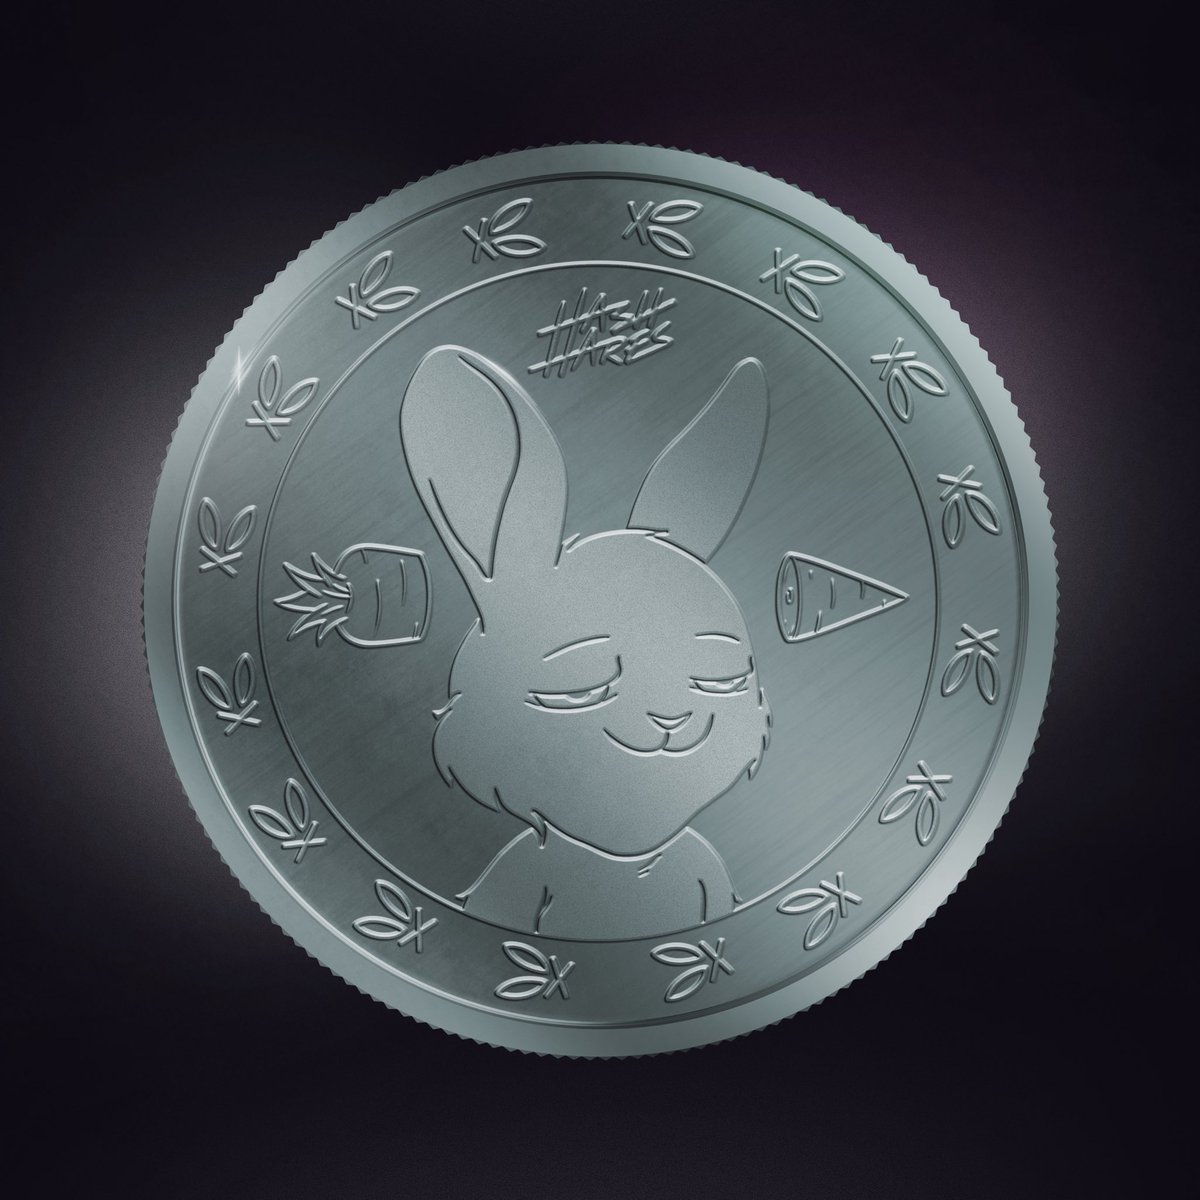 Platinum & Golden Carrot coins have blasted off for minting 💥🪙 Check project details in our discord for more information discord.gg/nxWtQFG7 To celebrate the reveal we have a Carrot Coin giveaway🥕🪙 To enter: ❤️ & Follow Retweet Tag 3️⃣ friends 48h ⏰ LFG Hares 🚀
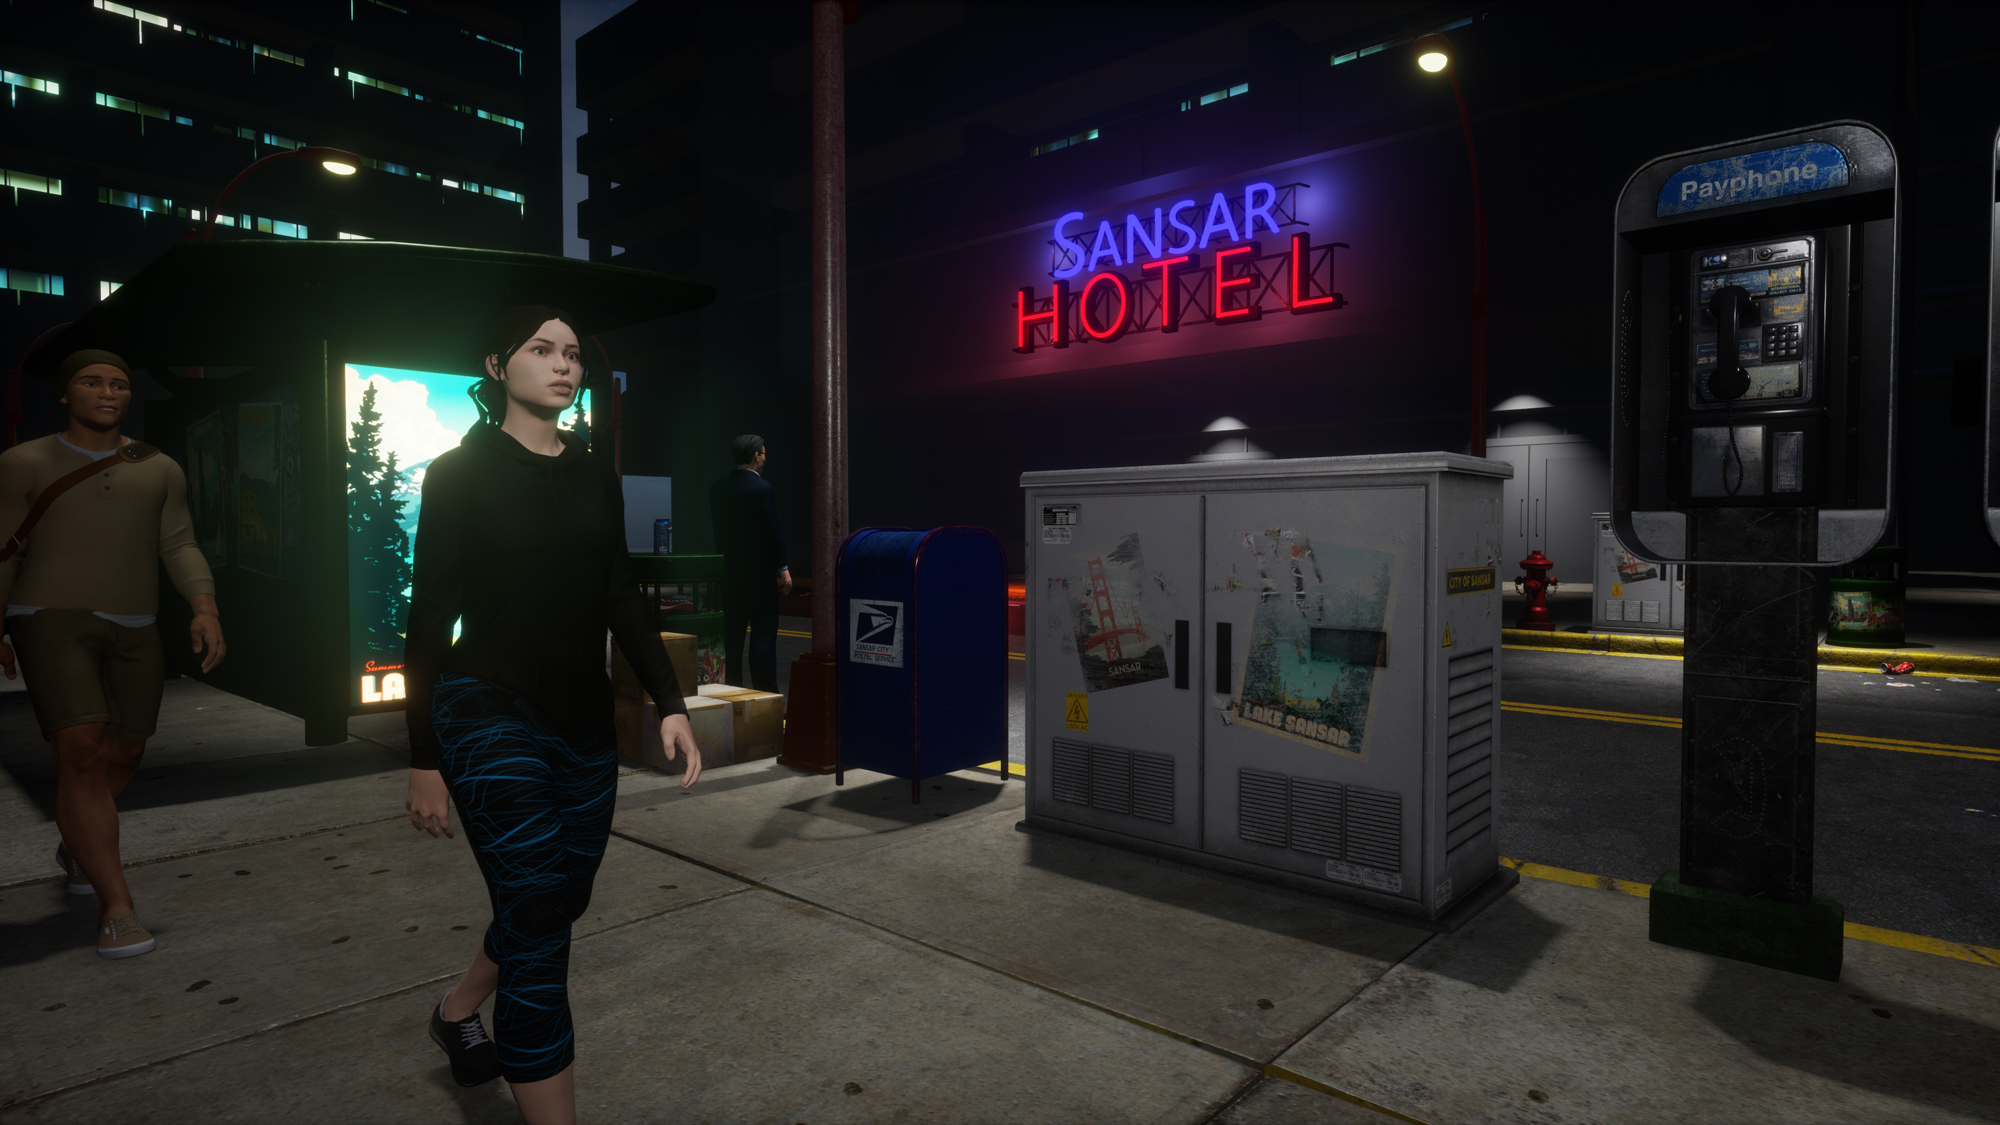 Linden Lab, the company behind the virtual world Second Life, is releasing a virtual-reality platform called Sansar this year that encourages users to interact with others and build their own experiences, too.
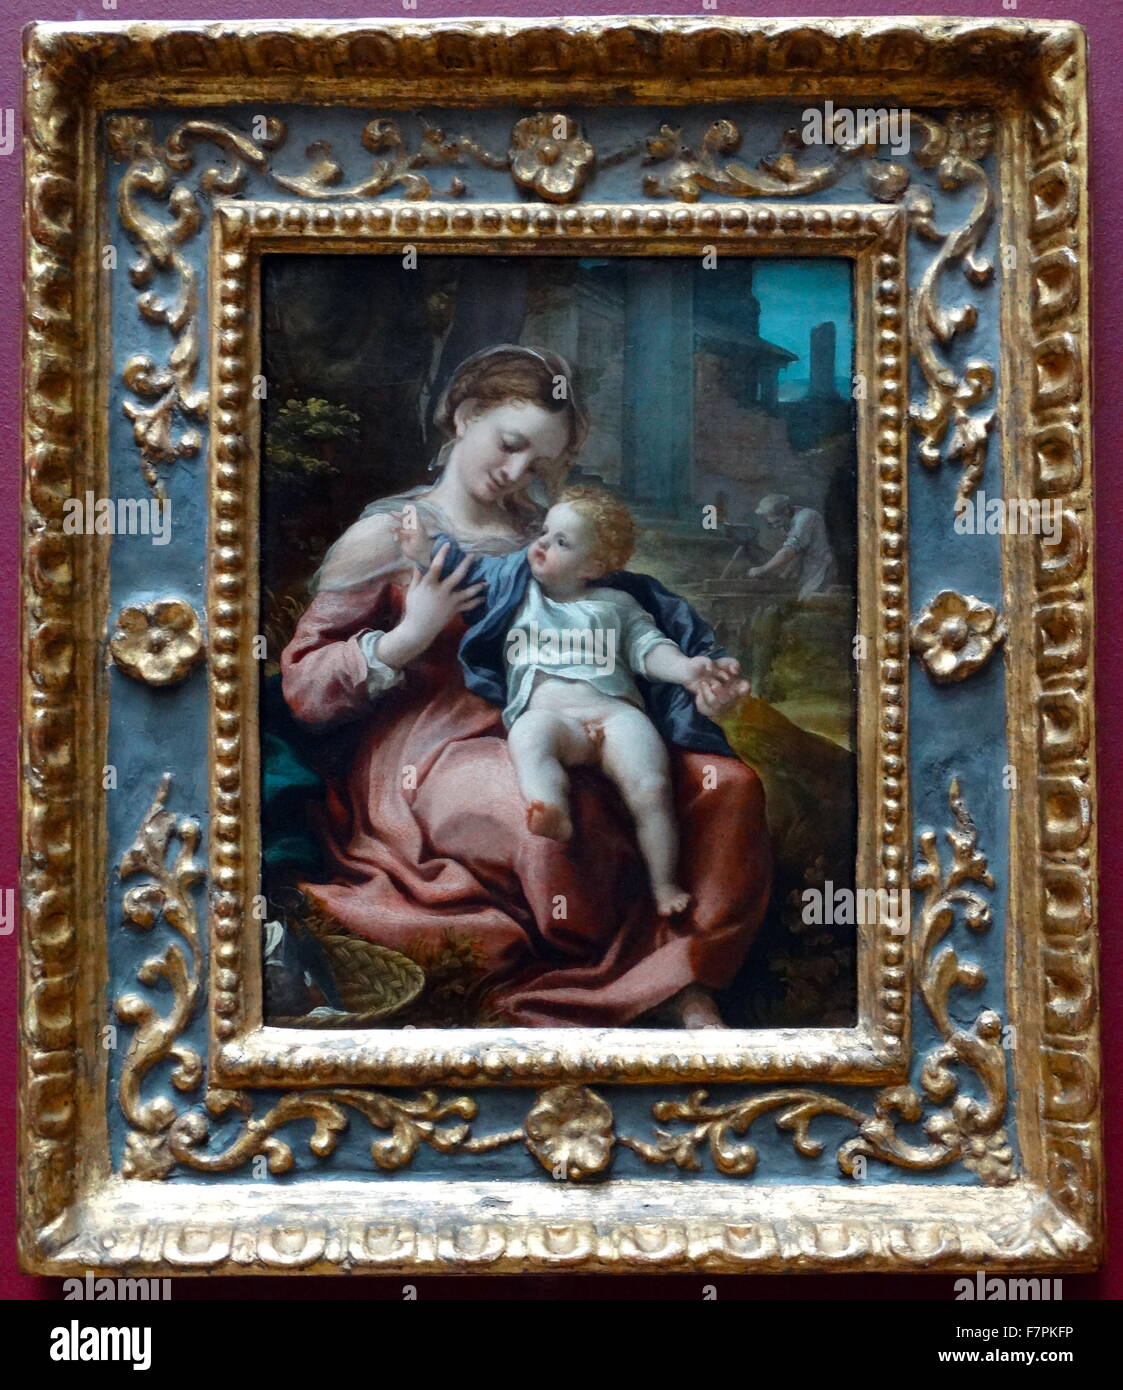 Painting titled 'The Madonna and the Basket' by Antonio da Correggio (1489-1534) painter of the Parma school of the Italian Renaissance. Dated 16th Century Stock Photo

_TASK GOAL:_ Write out exactly the lines of the material above, starting with the first and finishing with the line that contains "Linden Lab, the", without pictures.

_ANSWER SECTION:_
 Platinum & Golden Carrot coins have blasted off for minting 💥🪙 Check project details in our discord for more information discord.gg/nxWtQFG7 To celebrate the reveal we have a Carrot Coin giveaway🥕🪙 To enter: ❤️ & Follow Retweet Tag 3️⃣ friends 48h ⏰ LFG Hares 🚀
 Linden Lab, the company behind the virtual world Second Life, is releasing a virtual-reality platform called Sansar this year that encourages users to interact with others and build their own experiences, too.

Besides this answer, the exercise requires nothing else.